Let market forces work their magic on China's trust industry
When it comes to financial reform on the mainland, watch what the authorities do, not what they say. It has been official policy to rein in China's shadow financial system, and more recently, to give market forces "a decisive role in the economy". But the way the shadowy trust-products sector is being handled tells a different story. Last month, an unidentified white knight appeared to repay wealthy investors their principal in Credit Equals Gold No 1 Trust, a rescue exercise that required 3 billion yuan (HK$3.8 billion). Given the astronomical sum involved, one can only assume the rescue involved one or more large state or state-backed financial institutions. Meanwhile, despite its auspicious name, a high-yield trust product called Songhua River No 77 Shanxi Opulent Blessing Project has gone into a technical default after missing a US$126 million interest payment. Negotiations are now under way with investors, so the outcome is not yet clear.

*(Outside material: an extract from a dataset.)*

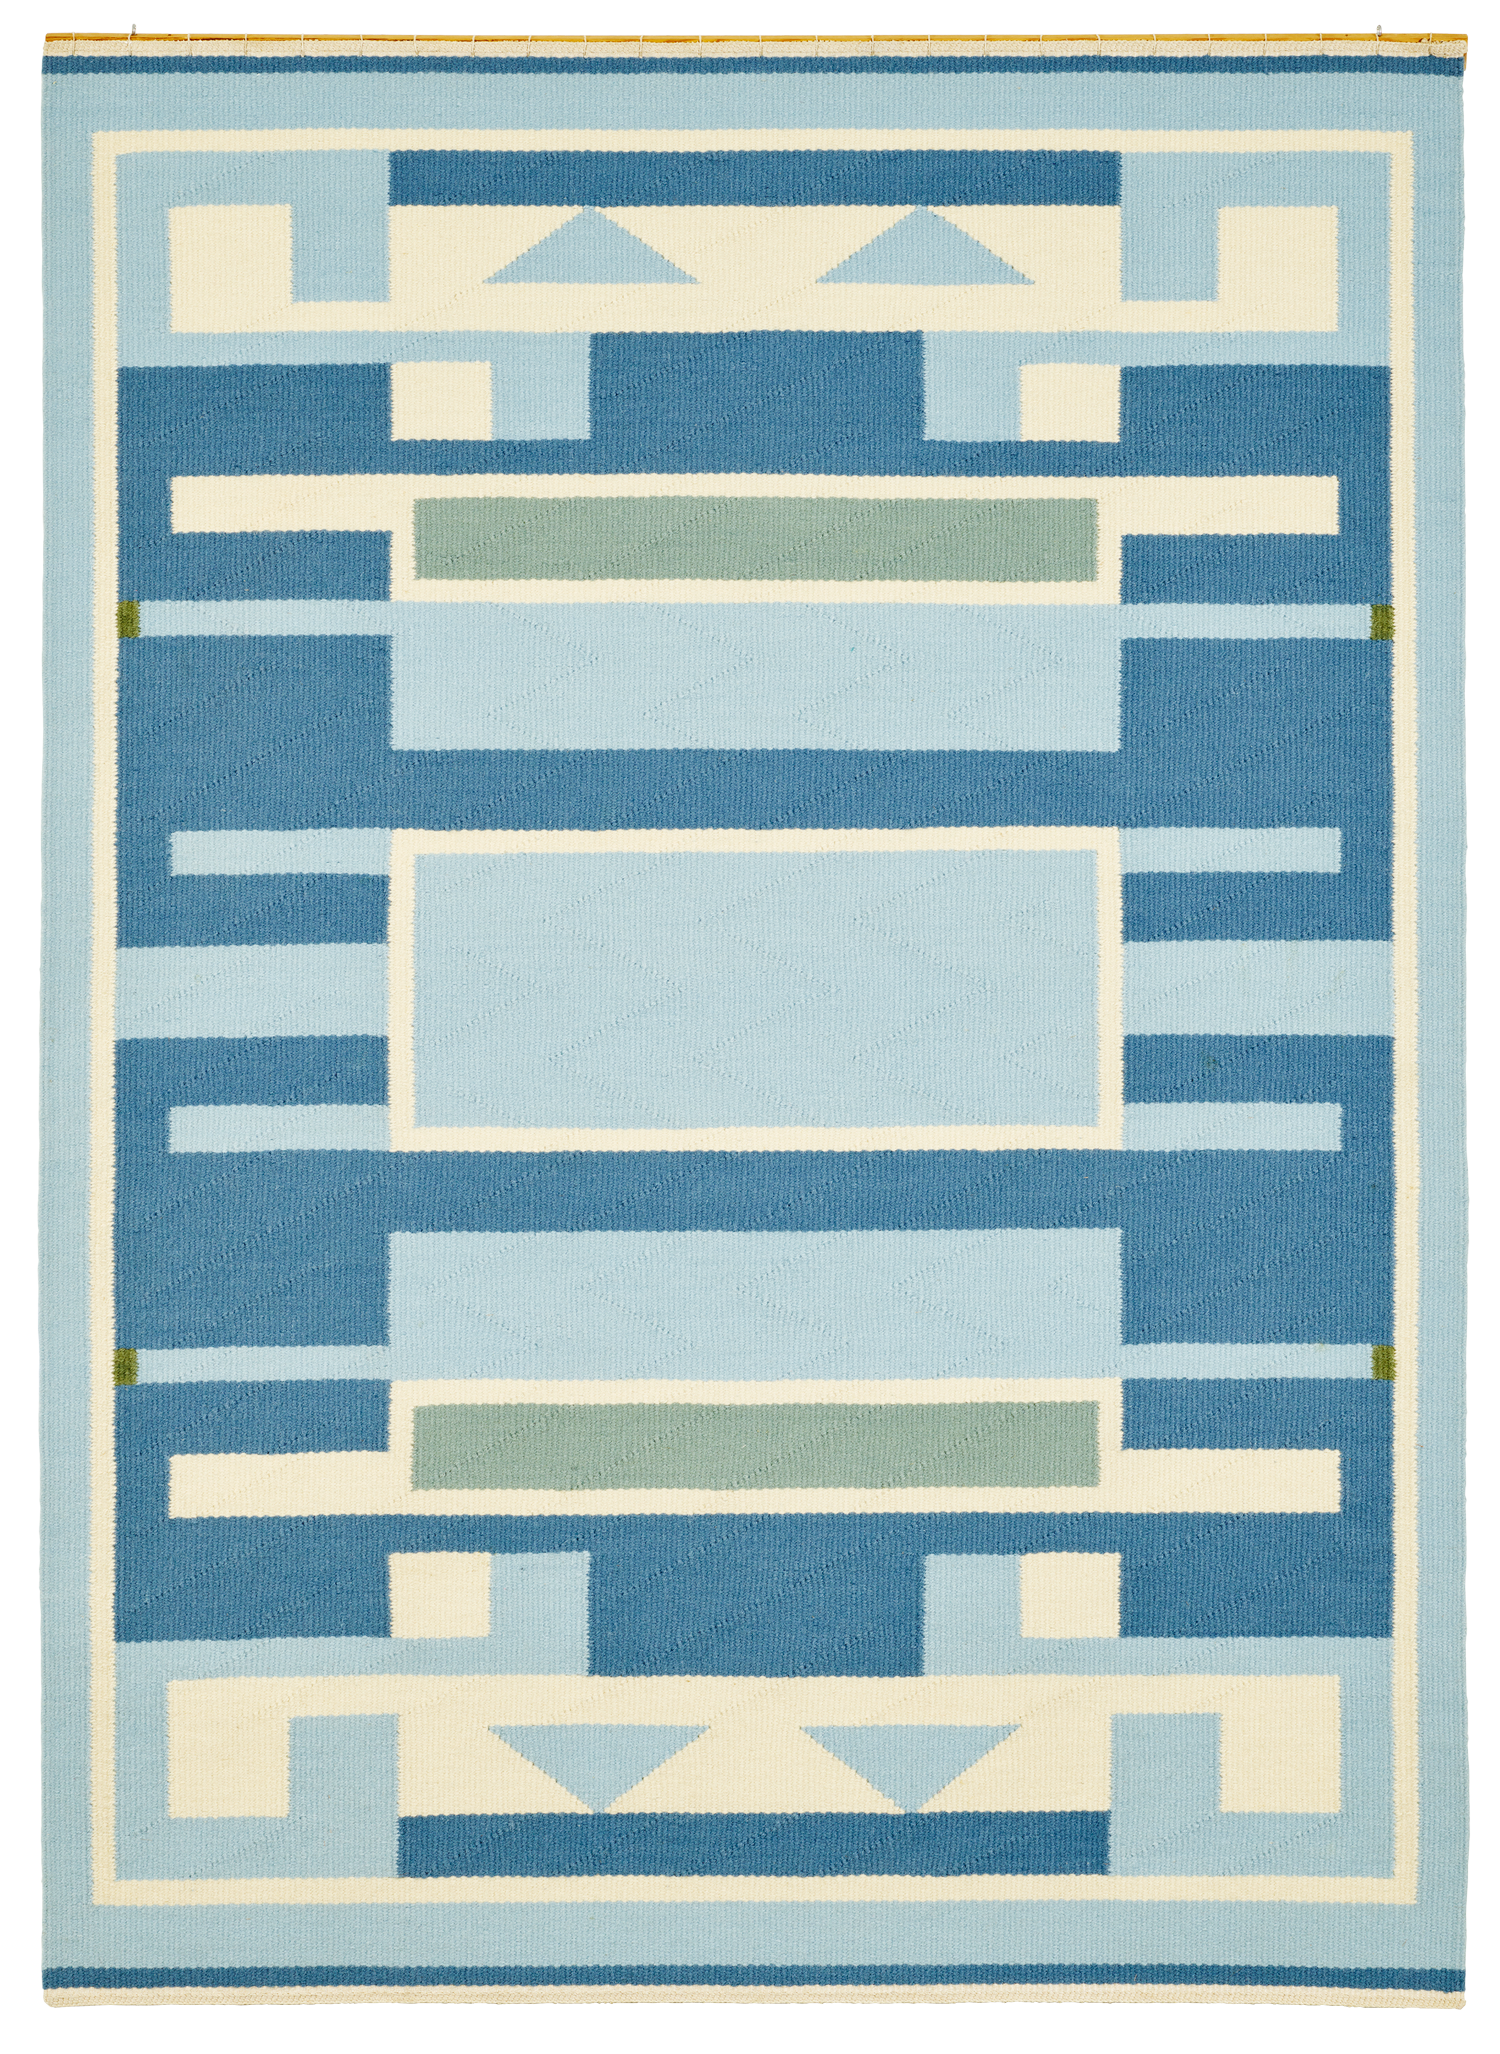 Untitled, 1978. Carpet in wool, 170 x 126 cm. Ⓒ Holstebro Kunstmuseum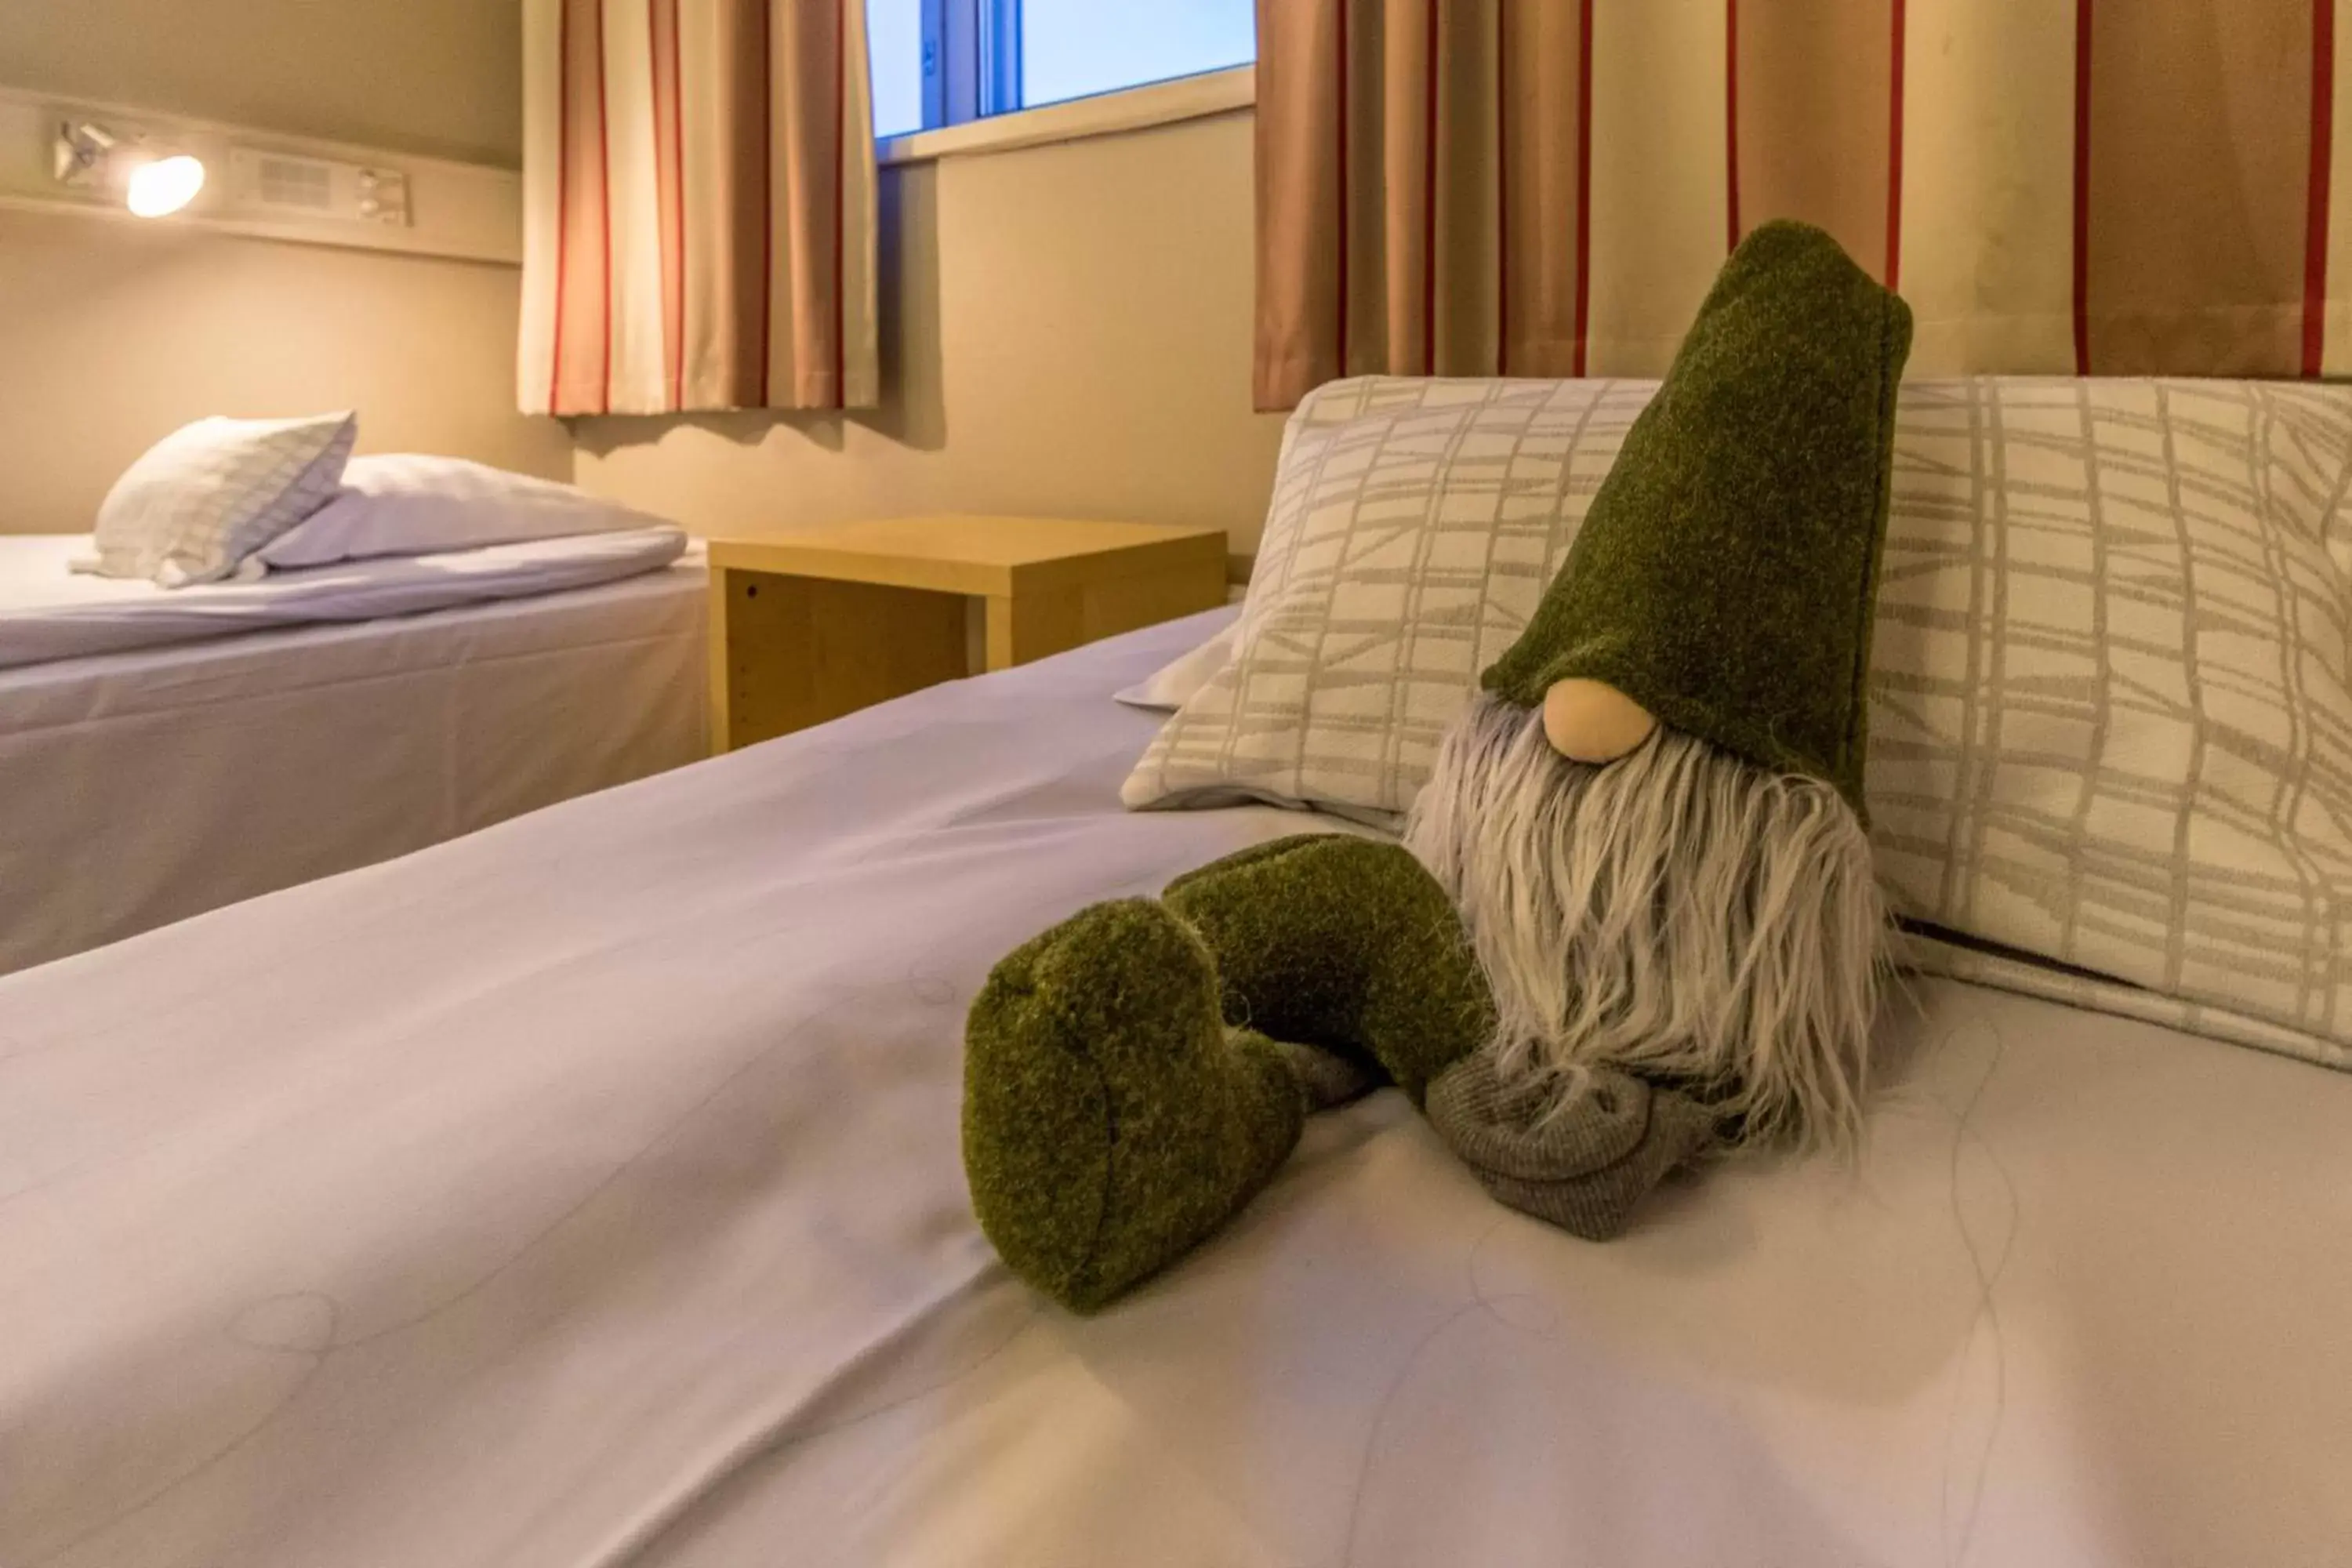 Bed in Santa's Hotel Rudolf

Trust products are attractive because they offer high interest, well above the maximum 3.3 per cent for one-year deposits at the state banks. And not all trusts are poorly financed. But analysts believe there are more weak ones out there that could face default, especially if the credit environment turns nasty. Investors' confidence has already been shaken because of the slowdown in China's economic growth as well as the plunging capital markets in many developing countries. The 10.9 trillion yuan trust industry in the shadow financial sector is seen as a weak link in the event of a mainland crisis. As a result, some investors and analysts have argued bailouts like the one for Credit Equals Gold, while not ideal, are necessary to avoid a Chinese "Lehman moment".
To be sure, confidence in high-yield trust products can be undermined by defaults, leading to trouble for companies that rely on such bonds because they can not get loans from traditional banks. All these could snowball into a bigger problem for the financial markets. But given China's closed and tightly controlled system, a general credit seizure like the Lehman implosion in the US in 2008 is unlikely.
There will be short-term pain, but more trusts that cannot repay investors must be allowed to default. Investors ought to be taught a lesson by sustaining losses and not expect a bailout. Only then can credit risk be properly priced by letting market forces do their work.